Figure 5.

N-glycosylation regulates the surface expression of hTREK-1 channels. (a) EGFP-reporter coupled WT hTREK-1 channel subunits or glutamine mutants lacking either one or both N-glycosylation motifs were expressed in HeLa cells. Cell membranes stained with Alexa Fluor 594-labeled wheat germ agglutinin are depicted in red. The fluorescence signals of hTREK-1-eGFP variants are shown in green. The overlays (yellow) demonstrate colocalization of diglycosylated, monoglycosylated and nonglycosylated double-mutant channels with the cellular membrane, and show the preserved surface trafficking of deglycosylated channels. Scale bar: 10 µm. (b) Surface fractions of HEK-293T cells expressing the indicted hTREK-1 N-glycosylation-deficient variants were isolated via surface protein biotinylation, followed by streptavidin precipitation.
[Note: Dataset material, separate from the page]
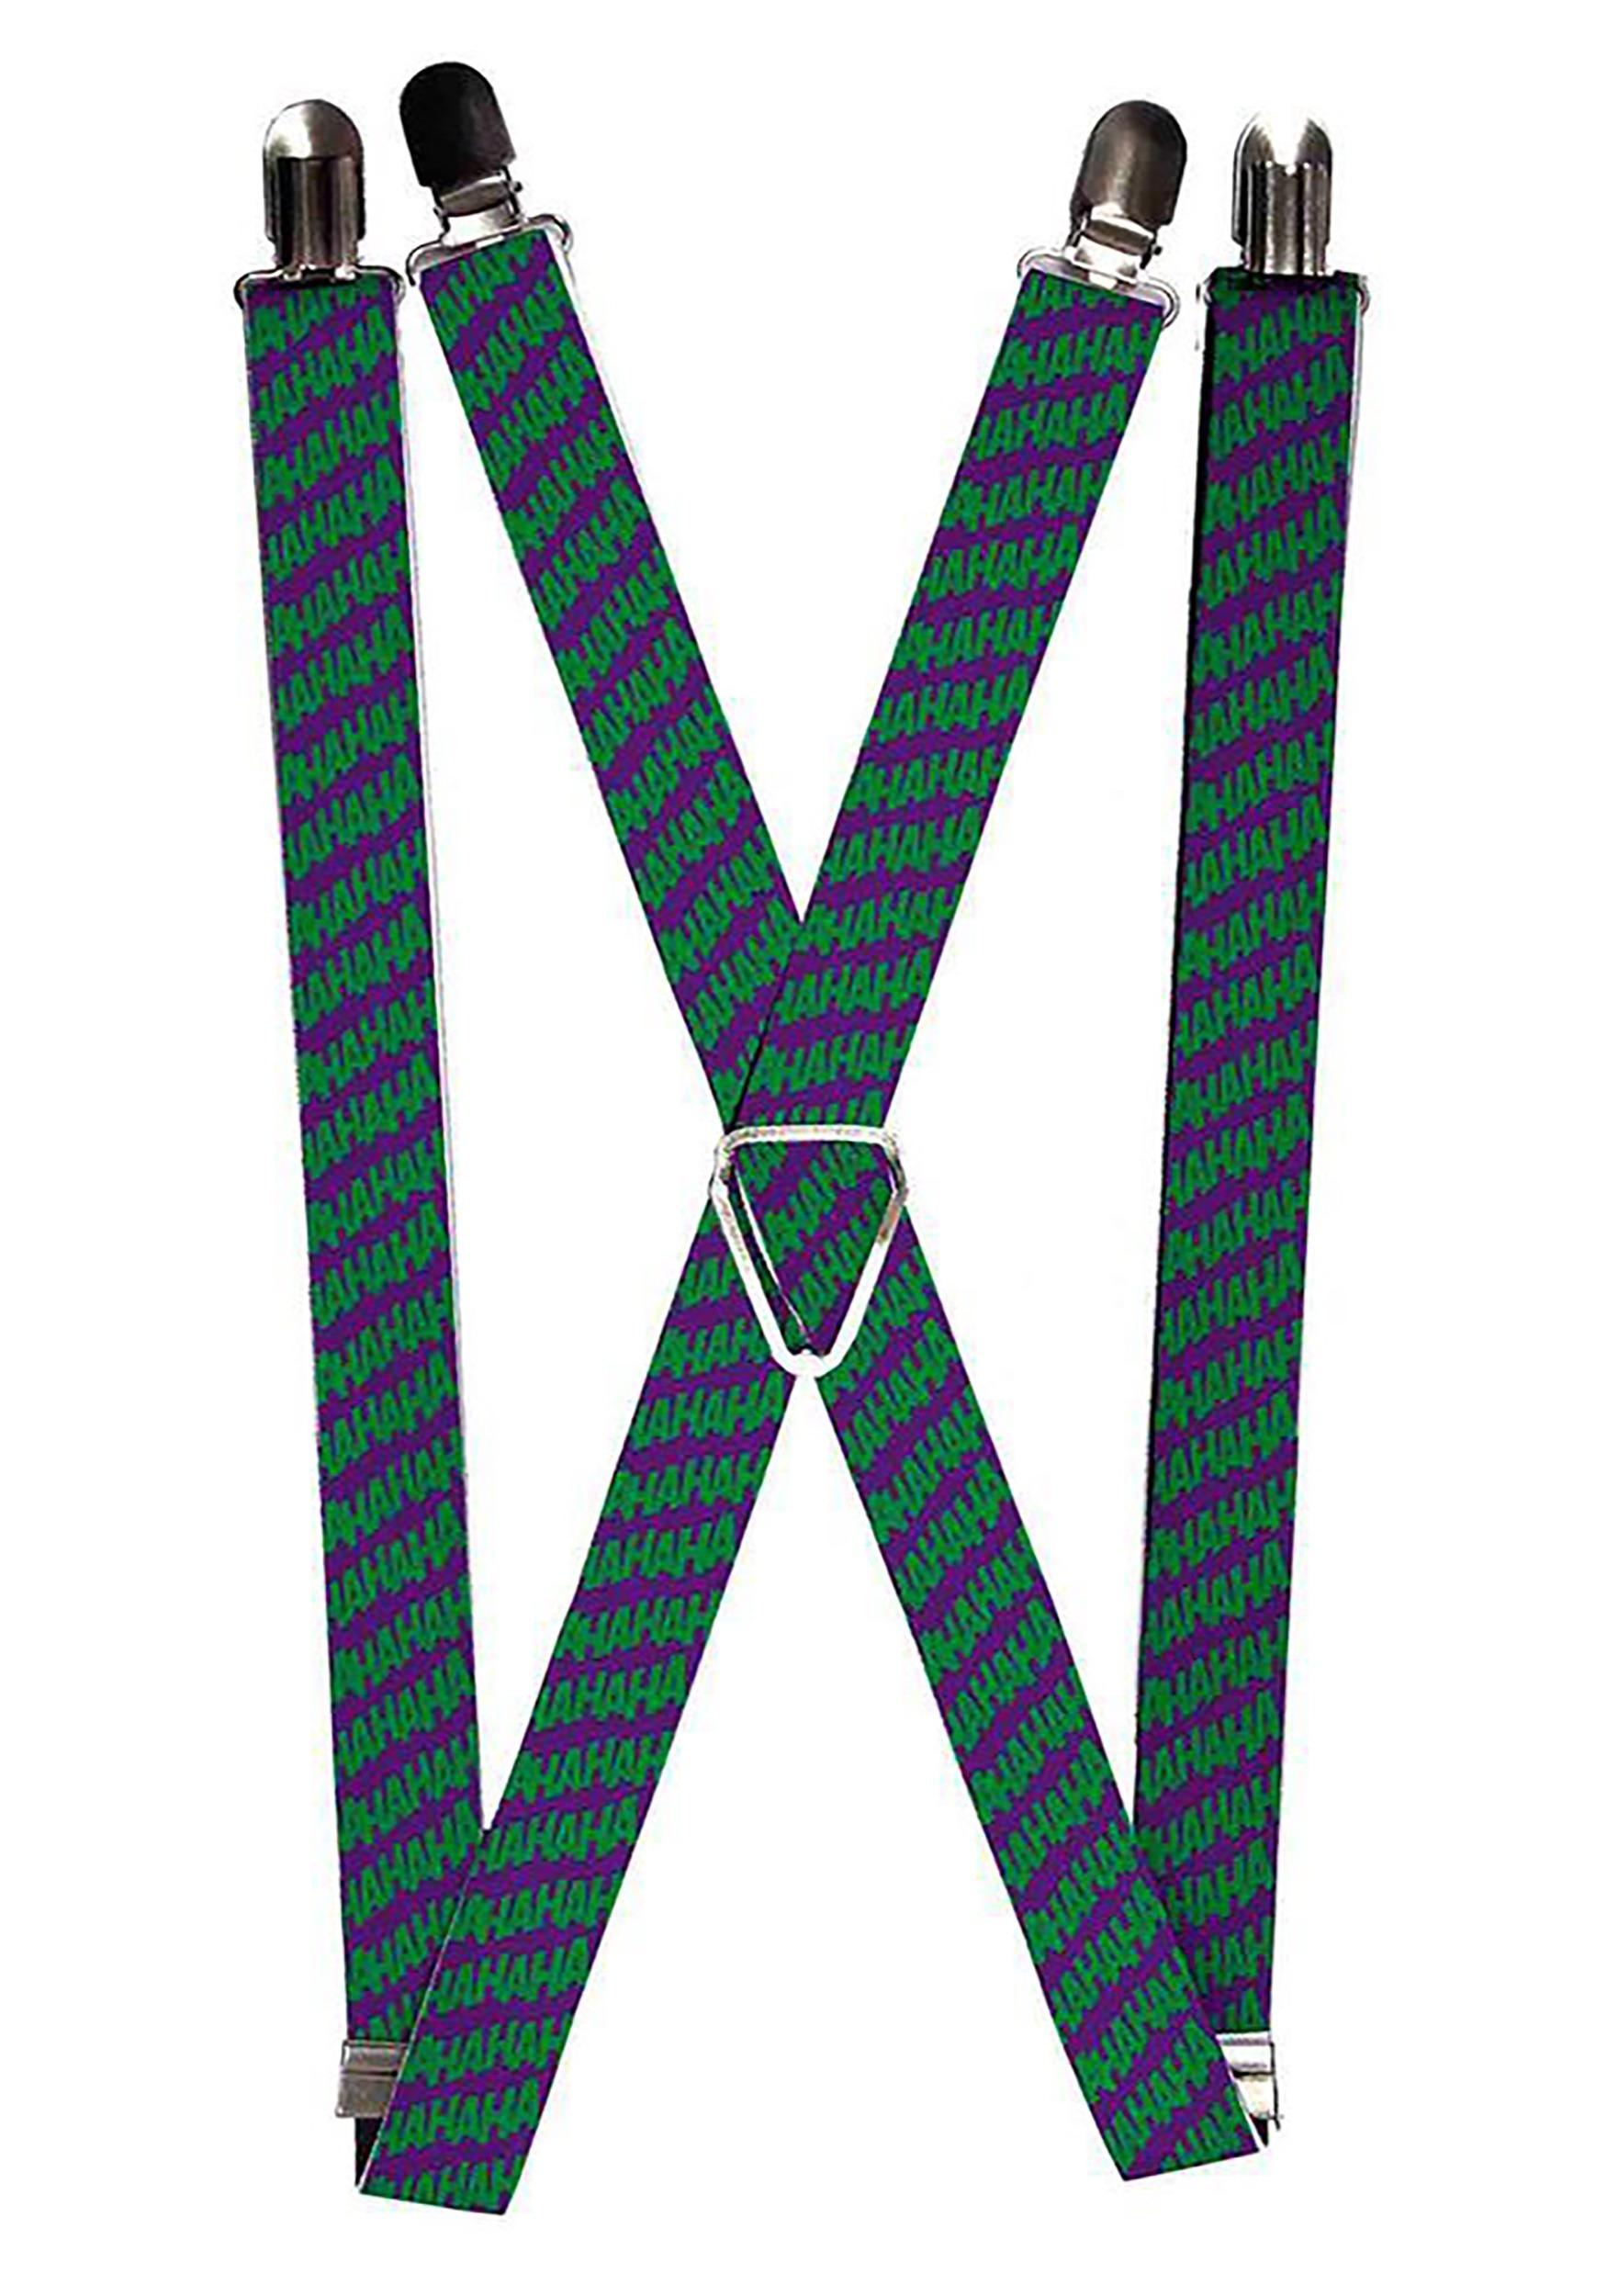 The_Joker_HaHaHa_Suspenders

Immunoblots of the input fractions are displayed on the left, and the mean immunosignals of the surface fractions are given on the right side (n = 3). (c) Ion channel subunit surface fractions (i.e., mean optical densities of the surface blots divided by the input fraction standardized by glyceraldehyde 3-phosphate dehydrogenase (GAPDH) as a loading control relative to the WT signal). The data are provided as the mean ± SEM (* p < 0.05).